CARL Rackemann put the fear into batsmen when he took the ball – now the former Test cricketer’s ambition of taking to the field of politics is gathering the same pace his once-devastating bouncers had.  A third-generation Kingaroy farmer, the 12-Test bowler is firming as the frontrunner to win the state seat of Nanango, held for 40 years by former premier Joh Bjelke-Petersen, as a candidate of Bob Katter’s Australian Party. The start-up political entity is expected to win registration within days from Queensland’s Electoral Commission, as the party ramps up its campaign to challenge the political mainstream at the next state election, due by March. Party insiders are boasting of a campaign war chest that will exceed $2 million, with more than $500,000 already donated from a disparate band of backers that includes a union, an arms dealer and fishing and ethanol lobbyists normally welded to the Nationals.Vice-president Robert Noia last night told The Australian that the party was a new force to be reckoned with, echoing the optimism of Mr Katter, his father-in-law and federal independent MP, that it could hold the balance of power, or better, in Queensland.

“We are expecting to hear about our registration in the next few days, and so far we are not expecting any problems,” Mr Noia said. “We have the funding, the organisation and we are getting quality candidates, like Carl, that could deliver us 30 seats. We will be standing in probably 75 of the 89 seats.”

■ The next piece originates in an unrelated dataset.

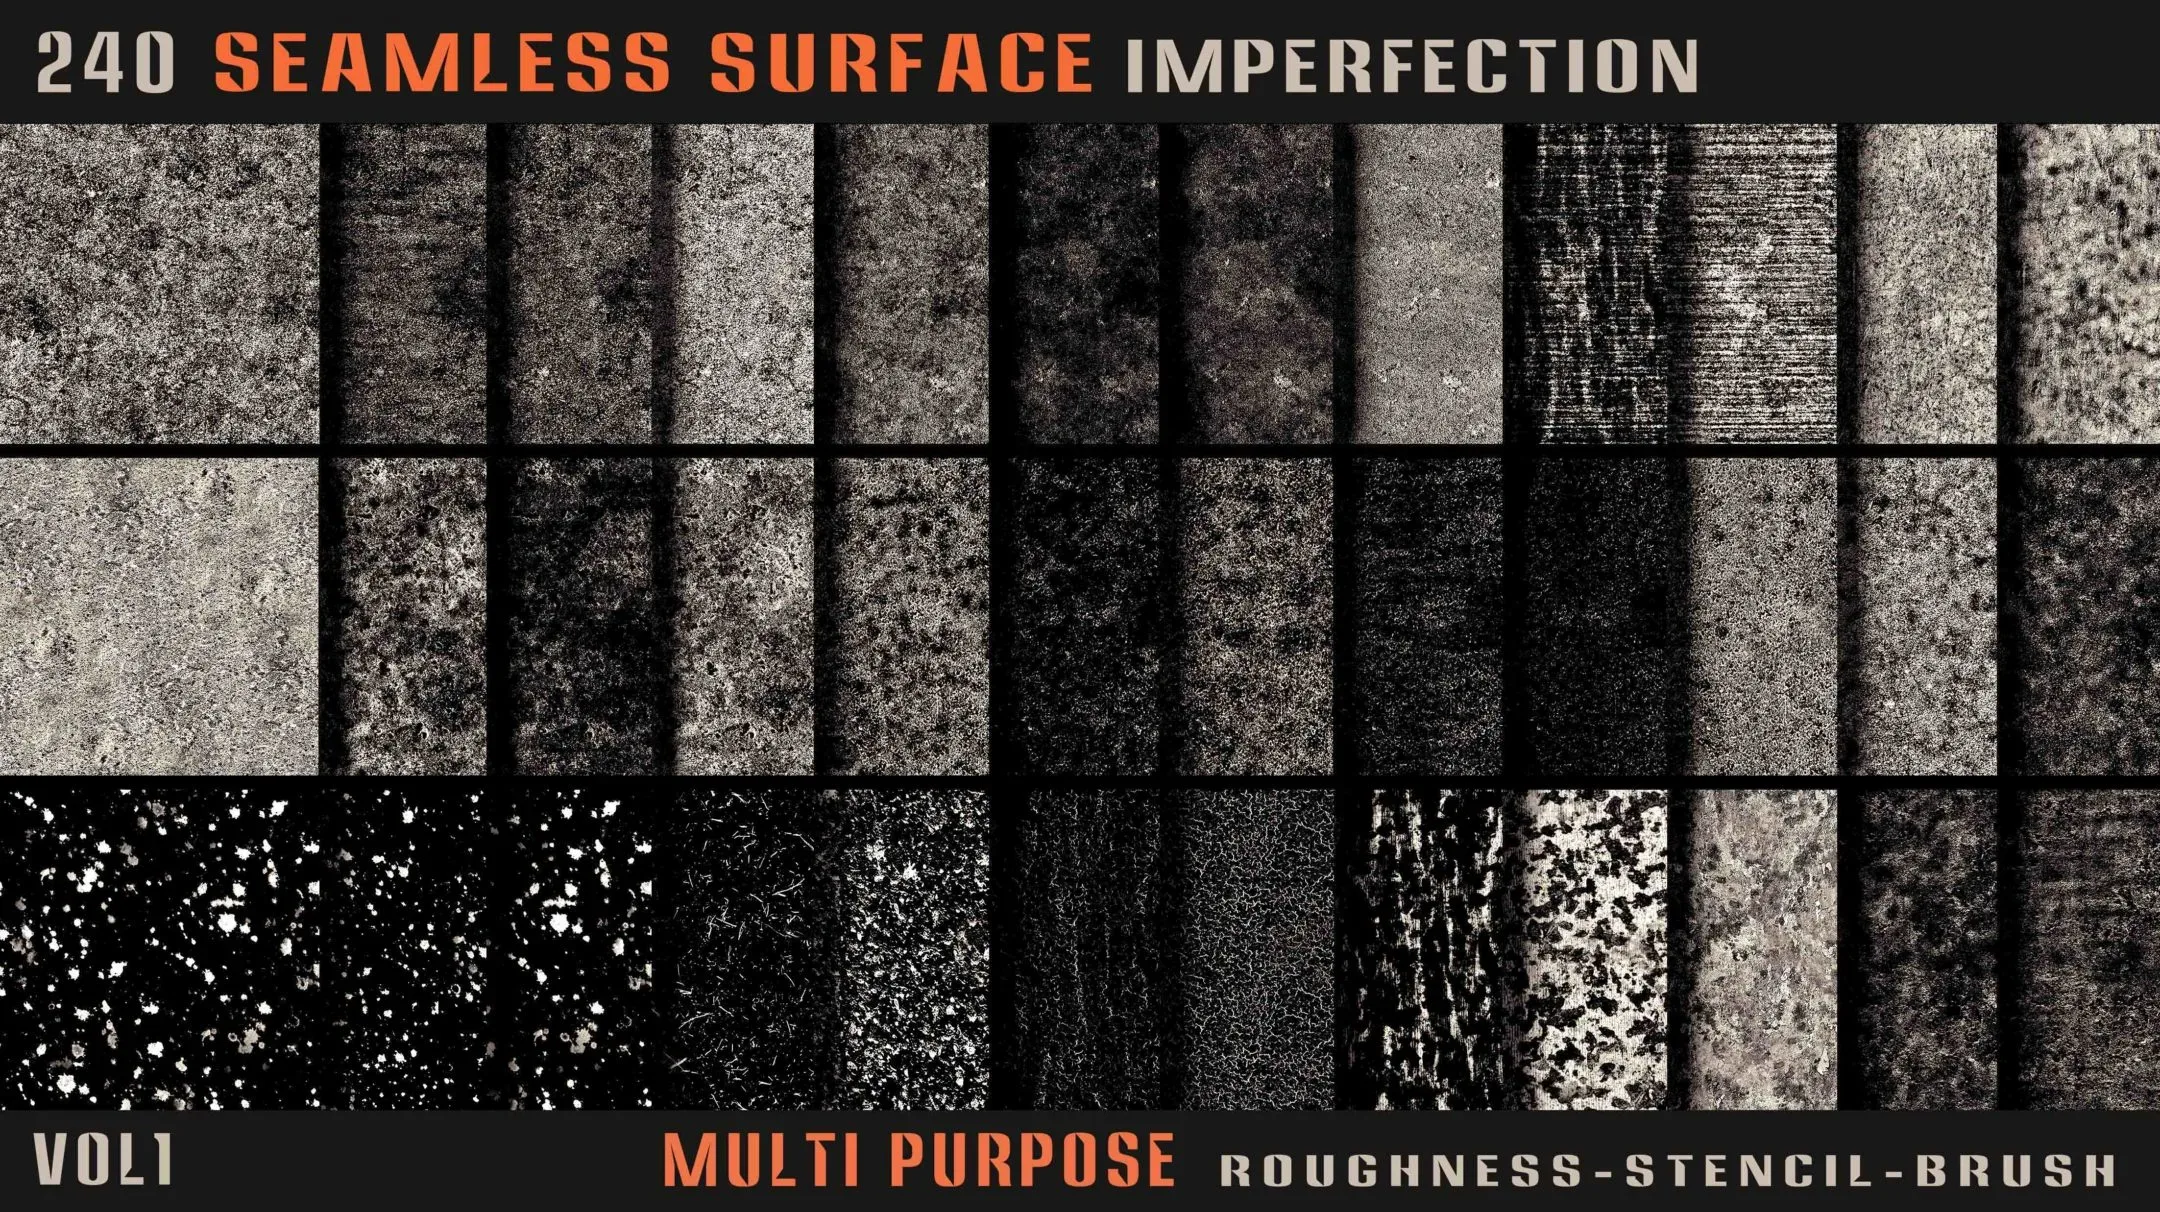 240 seamless surface imperfection-vol1

Mr Katter’s party – dubbed by former Coalition premier Rob Borbidge as “One Nation with a hat” – is tapping into renewed discontent about the mainstream parties, akin to that which delivered 11 seats to One Nation in 1998, as well as growing anger about farmers’ rights in the face of the spread of mining.

Mr Rackemann, who joined two rebel cricket tours to South Africa in the 1980s, said it was this debate over the rights of farmers, as well as the future of Australia’s food growing capacity and mining, that convinced him to enter politics.

Nanago’s incumbent, independent Dorothy Pratt, a five-term MP first elected as a One Nation candidate, tried to recruit him as her endorsed candidate. But Mr Rackemann said it was Mr Katter’s strong views about giving farmers greater rights over their land that convinced him to join the fledgling party.

“This country was supposed to have been built on the sheep’s back, but it seems people think we don’t need the sheep any more,” he said. “The party is not against mining, but what is missing is the rights of the landholder . . . at the moment they have no rights and that is clearly wrong.”